@liquiddragon: In regards to how far into the game you are - and bare with me, I'm far more familiar with the original game than I am with REmake - I would say you're probably about 2/3rds of the way through? You should 100% let me know where you got the second emblem you're talking about so I can confirm whether or not I'm giving you incorrect information, and I don't want to potentially spoil something you haven't seen yet even via spoiler tags. <3
That being said, I'm a huuuuuuuuuuge Resident Evil fan and have been playing the games since I was very young, and it all originated during a car ride to Reno from the Bay Area in which my cousin and I played through a good chunk of RE2 in the car on the way there (hooray cigarette lighter converters and the old PSOne with the screen you could bolt on!) and to this day, I still get the most ominous, unsafe feeling listening to the RPD main hall music. Long story short, we were at a truck stop with some Silent Hill levels of fog in the middle of the mountains, and I refused to move forward with the game until my cousin returned from the bathroom, so guess who got to listen to that wonderfully creepy track on loop in the car alone while the rest of the family was out stretching their legs?
RE4 is my favorite game ever and is why I didn't give up on the medium when I felt like "video games were for dumb kids". But this is about the fixed camera angle games! Spoiler tags were added to obscure specific names of things or details and can be entirely avoided. On with the list!
1.) Resident Evil 1 (Directors Cut/DS port/REmake) - I've beaten every version I listed, but by far spent most of my time with the DS port. If you want to fuck with the original game in any capacity, I would recommend that version.
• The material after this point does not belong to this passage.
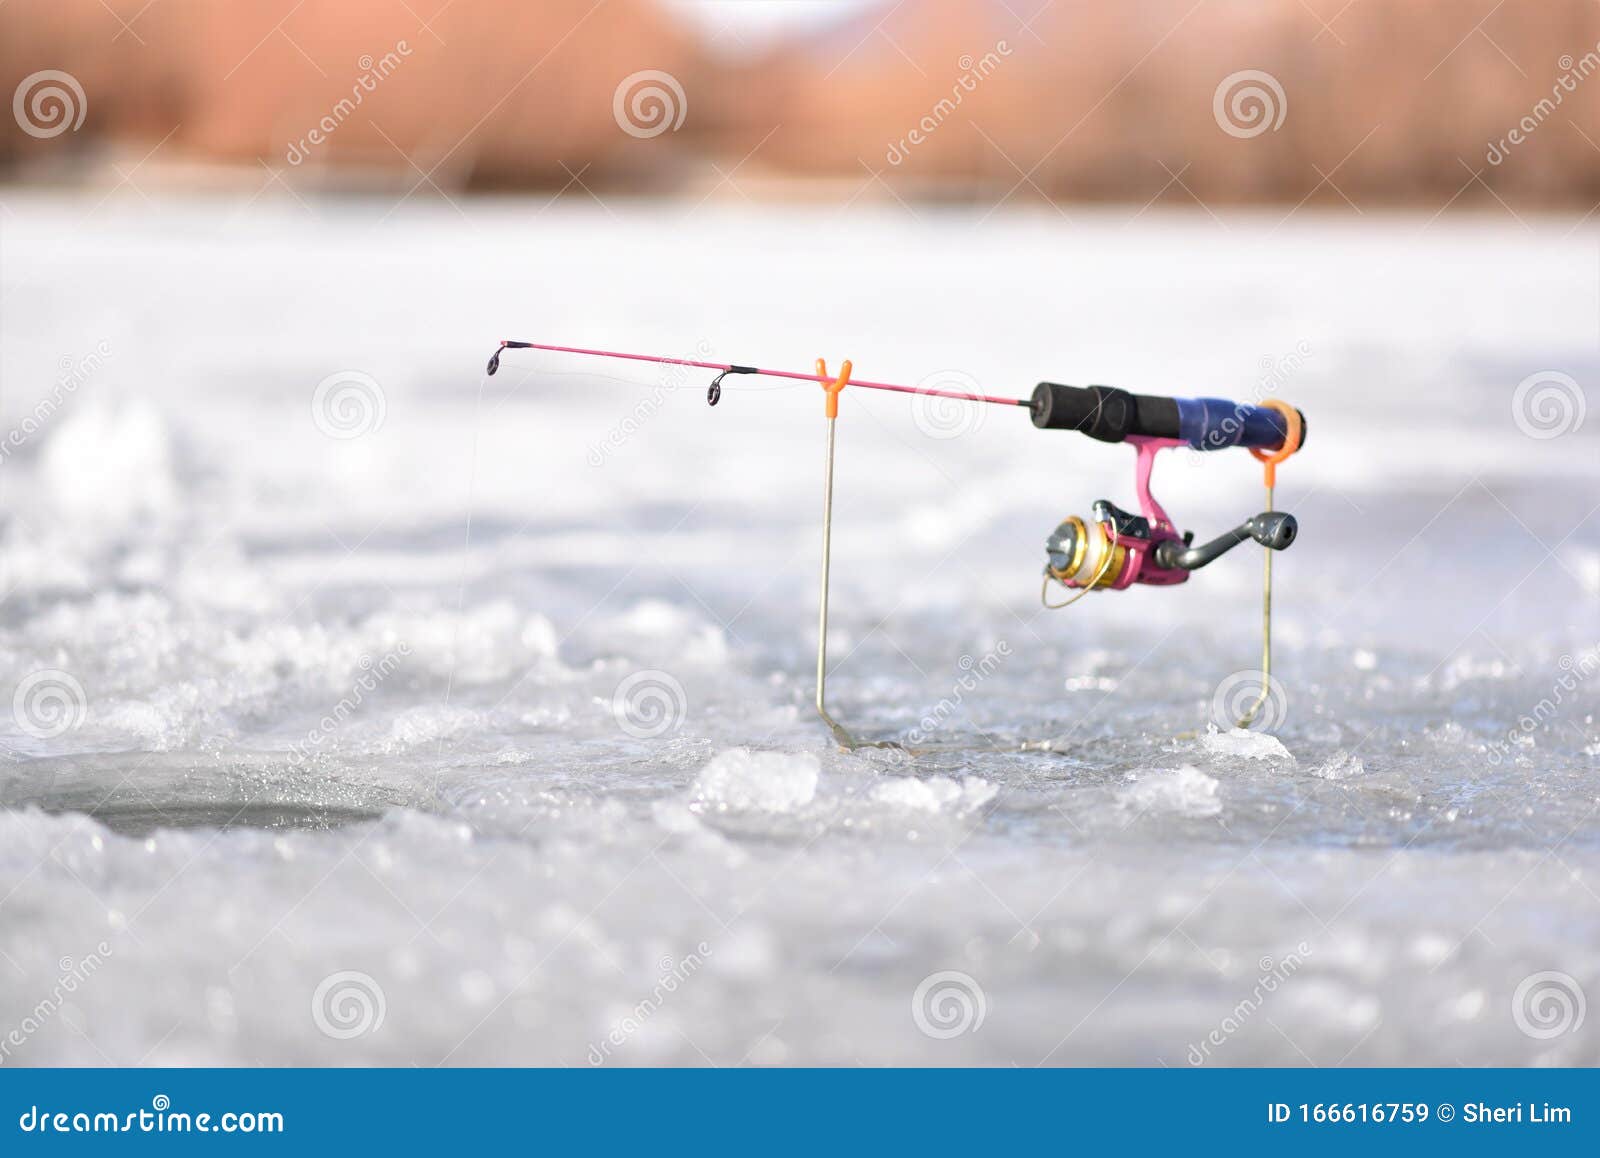 https://thumbs.dreamstime.com/z/ice-fishing-pole-pink-real-pole-sitting-ice-waiting-fish-ice-fishing-pole-pink-fishing-reel-reflection-166616759.jpg

The "Rebirth" mode adds some cool touch screen minigames, but if you pick classic it's the original game with one caveat - they added in a quick knife option a la Resident Evil 4. You just hold down L and you auto-equip the knife, plus it doesn't take up an inventory slot! In my eyes this game is immaculate and a necessary cornerstone when talking about good level design, atmosphere and world building.
2.) Code: Veronica - Admittedly this is the one of the fixed camera games I played the least (save for 0, but we'll get there), but between the sweeping camera angles, enemy designs and their willingness to do weird-ass stuff with the structure of the game (the whole playing as Chris for chunks of the game, and the Nosferatu fight was very different in terms of RE bosses), it holds a very special place in my heart. Game isn't without its faults, though, as there are definitely some brick walls you can run up against that would make progression a wall-punching affair. But people can beat all of these games with just a knife and no healing items, so it can't be that bad, right?
3.) Resident Evil 2 - I had a tough time picking between 2 and 3 in this spot, but a few things edged 2 over for me, most important being more structural weirdness. RE2 is probably the only game I can think of off the top of my head to do multiple campaigns right. Each character you can play as has two campaigns, an A-campaign and a B-campaign. Now when you beat, say, Claire-A, you would unlock Leon-B, and vice versa (That's also the canonical way to play them if you're into that sort of thing, but hey, you do you). Effectively what this does is show you how the B-campaign character contributed to the story, and it has its own share of new enemies, puzzles and at least a couple of boss fights. Don't worry about playing both A-campaigns and B-campaigns as they're effectively the same with a character swap, although at least one small chunk of the game will be fundamentally different. RE2 also has what I would say is the most terrifying video game enemy/boss ever with Mr. X, who is a B-campaign exclusive, and by far my favorite boss music in any game ever (see: below). With all of that being said, I feel that this game is criminally overrated despite loving it to death myself. It's a fantastic game that does a lot of things right, but it doesn't have the same lasting effect on me as, say, the first game, whose mansion I can probably navigate entirely with my eyes closed at this point.
4.) Resident Evil 3 - More structural weirdness, an interesting set-up, and what I would probably say is the most fun to play due to the pseudo-dynamic nature of elements of the game.
5.) Resident Evil 0 - The only mainline game I haven't beaten. I find this game to be an absolute chore to play, and it completely loses me after the initial sequence of events on the train. I've tried multiple times to get into this one on both the Gamecube and modern releases, but it's never gotten its hooks in me in a way literally every other game I've played in the in the series has, spin-off or otherwise.
I have had a limited exposure to the Outbreak games, but they seemed solid enough from what I had played. Though I do recall the AI making Sheva from 5 look like a rocket scientist, I could very well be completely misremembering that so take it with a grain of salt.